Re: Features by engine page

2014-08-25 Thread Dmitriy Lyubimov
On Mon, Aug 25, 2014 at 3:23 PM, Andrew Palumbo  wrote:

> Thanks Dmitriy,
>
> I've added in SSVD, PCA, QR and Weighted ALS.


I think it is called "regularized ALS"


> To keep it simple,  I'll leave them under Spark for right now. (and add
> "in development" for h2o) since they're in and passing tests.
>
> Should I add:
>

no

>
> GP-EI
> BFGS
>
> as "in development"
>
> bigram co-occurrence (would this be collocations?)
>
> as "in development" for spark?
>
>
>
>
> > Date: Mon, 25 Aug 2014 14:40:57 -0700
> > Subject: Re: Features by engine page
> > From: dlie...@gmail.com
> > To: dev@mahout.apache.org
> >
> > yes SSVD and stochastic PCA as well as thin QR are re-cast in Mahout
> > algebra (meaning they are engine-independent, not just spark).
> >
> > So is regularized ALS (albeit perhaps somewhat naive and thus affecting
> > performance).
> >
> > I also had quasi algebraic implicit feedback ALS (which is in fact
> implicit
> > feedback paper and ALS-WR in the same bottle) but closed the issue due to
> >  lack of reviews and interest.
> >
> > Internally I also have framework for doing hyper parameter searches and
> > right now am closing on GP-EI which will probably benefit from some
> > additions doing estimates chosen by reducing uncertainty (attempts to get
> > out of local minimum projected by GP-EI Snoek's algorithm itself).
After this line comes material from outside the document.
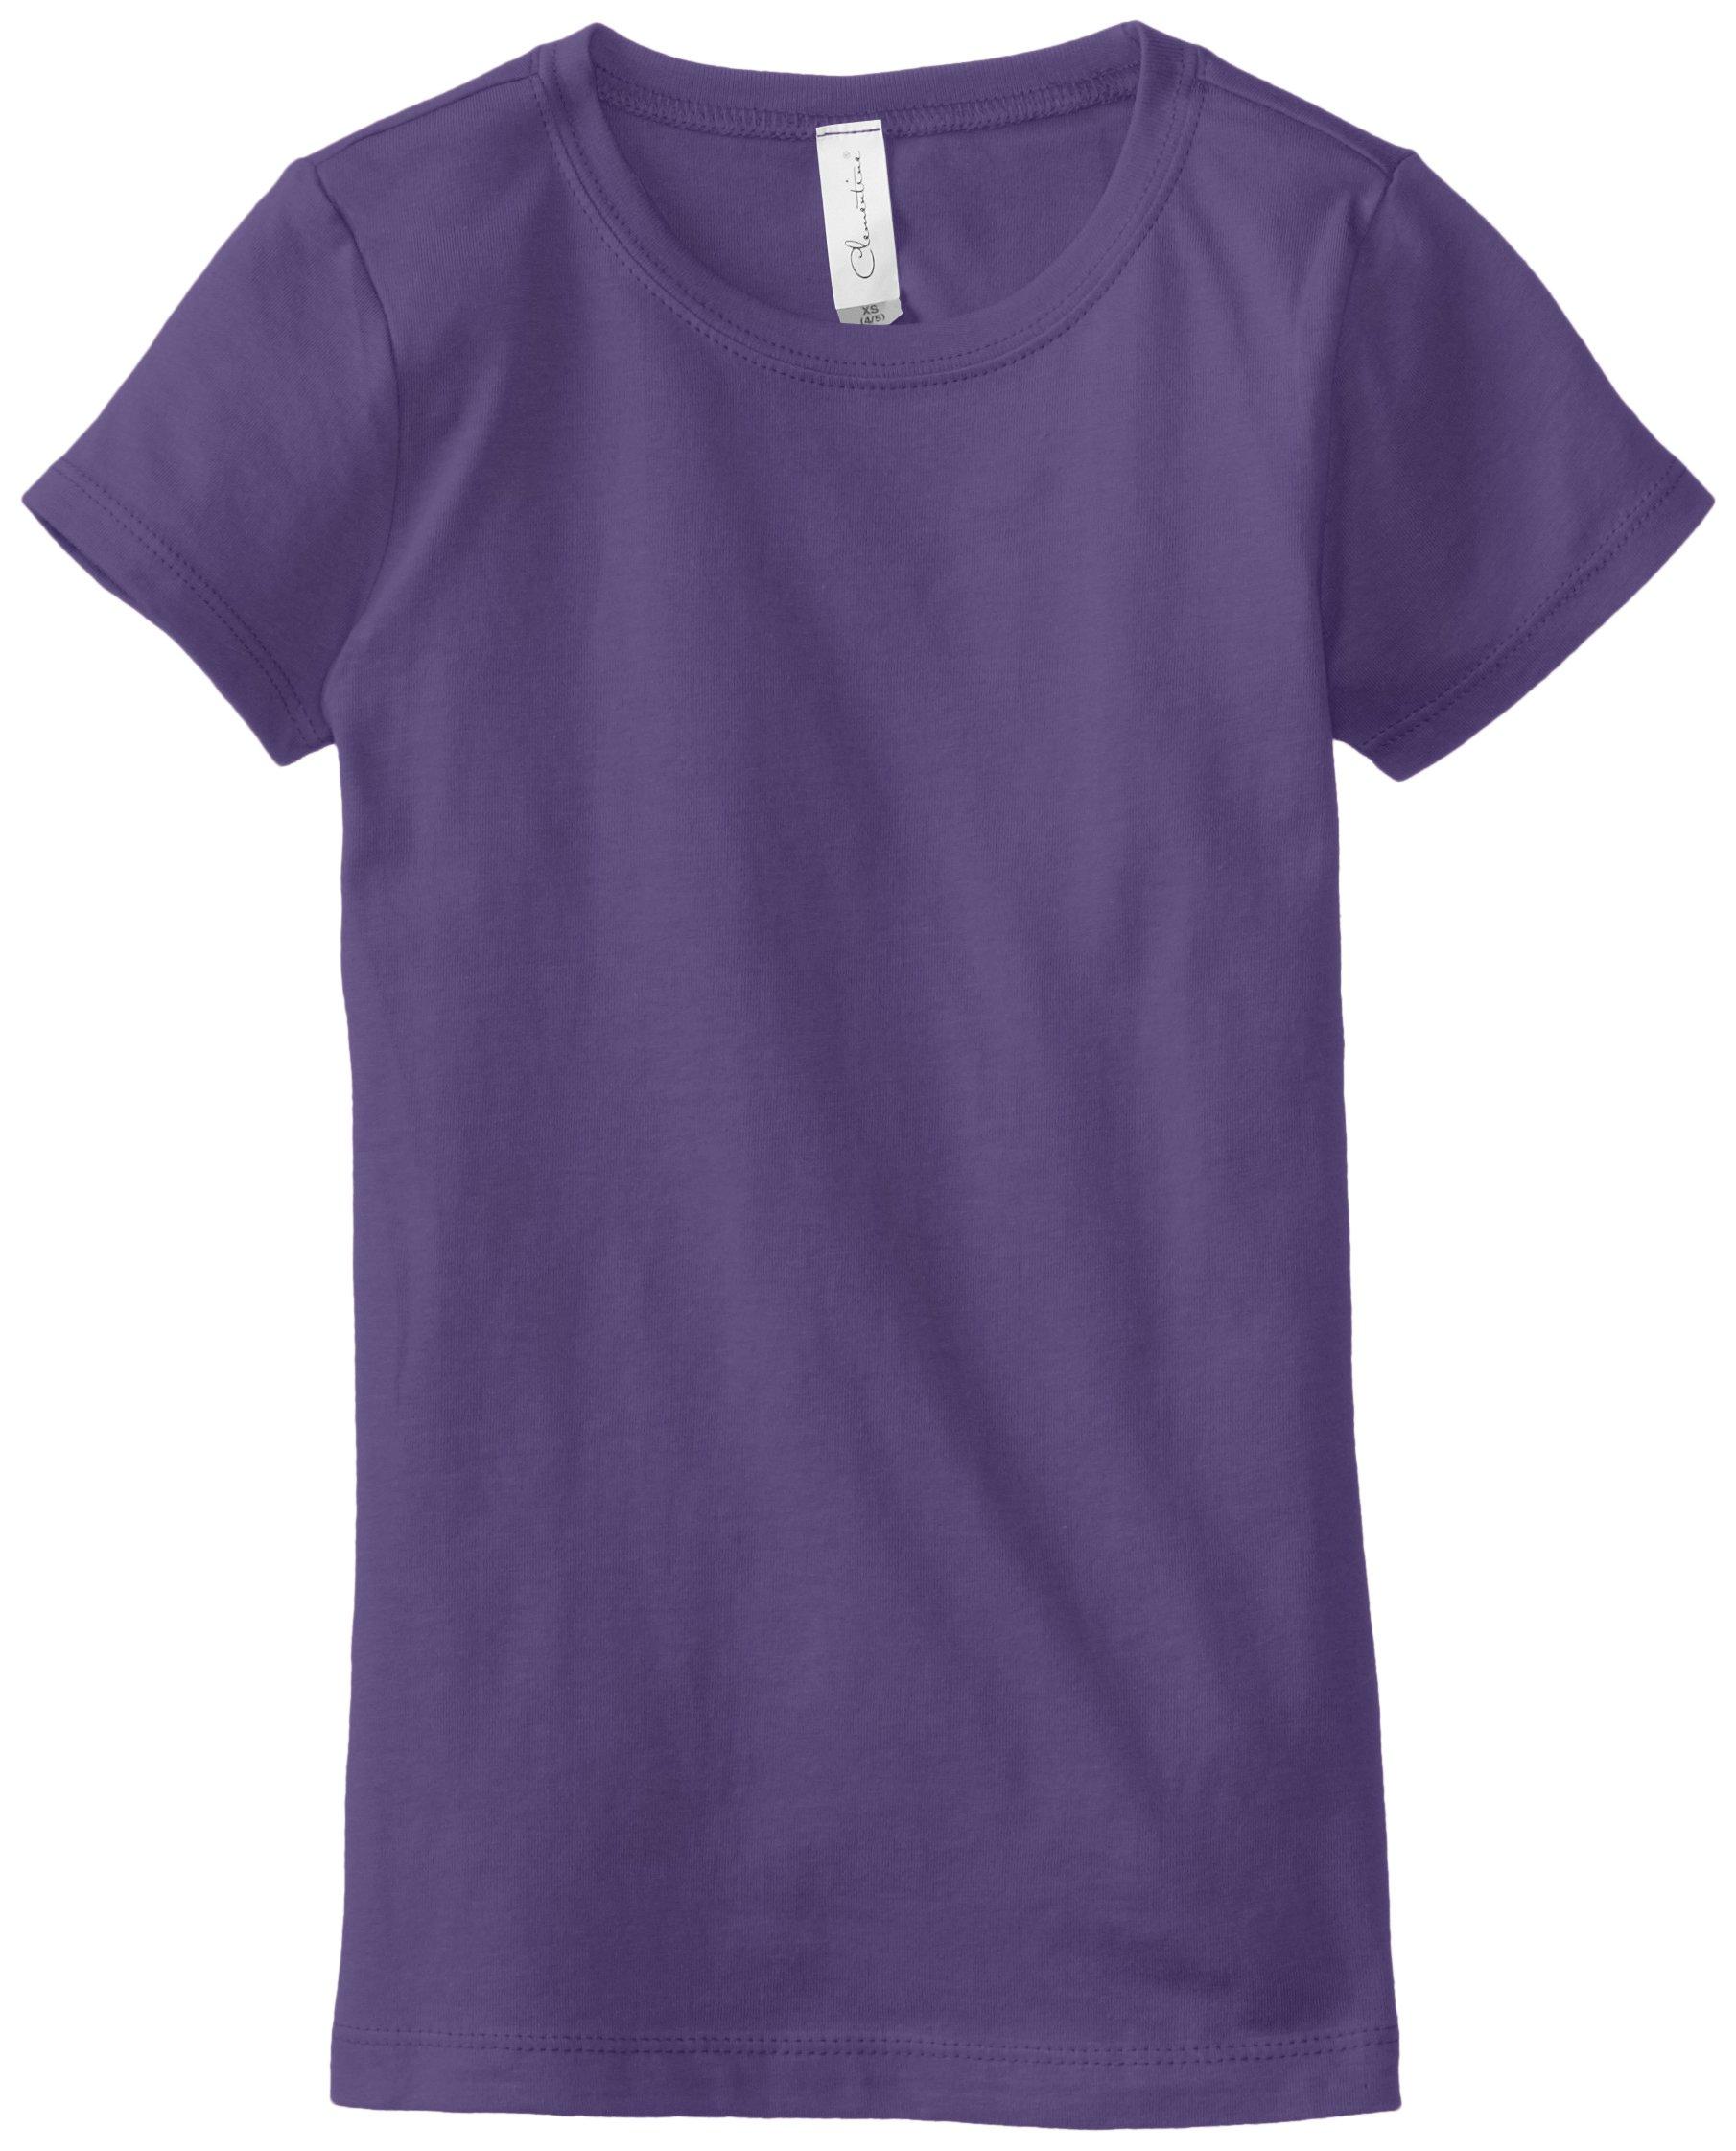 Clementine Big Girls' Everyday T-Shirt, Purple Rush, Large(10-12)

I
> hope i
> > could open it one day. This work is obviously also interesting in that it
> > establishes probabilistic framework in Mahout (distributions & gaussian
> > process). GP stuff can  be also used to evaluate things like RLFM i
> think.
> >
> > I also have framework to do line search type of things, including big
> > datasets, per Nosedal and Wright, incluging BFGS, those are probably also
> > candidates for contribution. Or not, depending on the moods of my new
> boss.
> >
> > Of other interesting things that are done with DSL and may be considered
> > for contribution, I also have implementations for bigram co-occurrence
> > (both directed and undirected) made in the DSL but it is also
> > quasi-algebraic i think (meaning there are Spark-specific parts). This is
> > (I think) would also include truethful implementation of Surprise &
> > Coincidence's paper bigram problem (currently implemented in Mahout MR)
> but
> > also would estimate undirected co-occurrences (as a frequent itemsets
> > problem solver/replacement). Again, hopeful it may be contributed, but
> not
> > sure if i'll pursue that if there's lack of interest in my company. It's
> > hard to go against the wind, in a way.
> >
> > By far the most often missing piece is data prep of course, but i think i
> > can eventually contribute a couple tutorials of how to do vectorization
> > using SparkQL stuff.
> >
> >
> >
> > -d
> >
> >
> >
> >
> > On Mon, Aug 25, 2014 at 2:19 PM, Pat Ferrel 
> wrote:
> >
> > > Spark RSJ, MAHOUT-1604 is in development
> > >
> > > I thought SSVD with PCA was working on Spark.
> > >
> > >
> > > On Aug 25, 2014, at 2:15 PM, Dmitriy Lyubimov 
> wrote:
> > >
> > > this is super-cool to hear.
> > >
> > >
> > > On Mon, Aug 25, 2014 at 1:53 PM, Till Rohrmann 
> > > wrote:
> > >
> > > > Hi Andrew,
> > > >
> > > > I like the overview of the different algorithms. The Flink bindings
> are
> > > > still under development. We hope to finish them in the next couple of
> > > > weeks.
> > > >
> > > > Best regards,
> > > >
> > > > Till
> > > >
> > > >
> > > > On Mon, Aug 25, 2014 at 9:17 PM, Andrew Palumbo 
> > > > wrote:
> > > >
> > > >> I created a "Features by Engine" table from the Mahout "List of
> > > >> Algorithms" page which I'd like to add to the Mahout site once it
> looks
> > > >> good:
> > > >>
> > > >> https://andrewpalumbo.github.io/algorithms_by_engine
> > > >>
> > > >> I just copied over the current page, and added in some of the stuff
> that
> > > > i
> > > >> know is complete/in the works.  I wasn't sure about some of the
> > > >> Collaborative filtering stuff.
> > > >>
> > > >> Maybe the whole thing needs to be organized differently?  A seperate
> > > >> totally  abstract section for algorithms that will be sitting in
> > > > math-scala
> > > >> and then a section for each engine's implementation?
> > > >>
> > > >> Also I know that there's been some work done on Flink bindings, but
> I
> > > >> don't see a specific Jira.  Should I put Filnk down as "In
> development"?
> > > >>
> > > >> Any thoughts are appreciated.
> > > >>
> > > >>
> > > >>
> > > >
> > >
> > >
>
>


RE: Features by engine page

2014-08-25 Thread Andrew Palumbo
Thanks Dmitriy,

I've added in SSVD, PCA, QR and Weighted ALS. To keep it simple,  I'll leave 
them under Spark for right now. (and add "in development" for h2o) since 
they're in and passing tests.  

Should I add:

GP-EI
BFGS 
 
as "in development"

bigram co-occurrence (would this be collocations?)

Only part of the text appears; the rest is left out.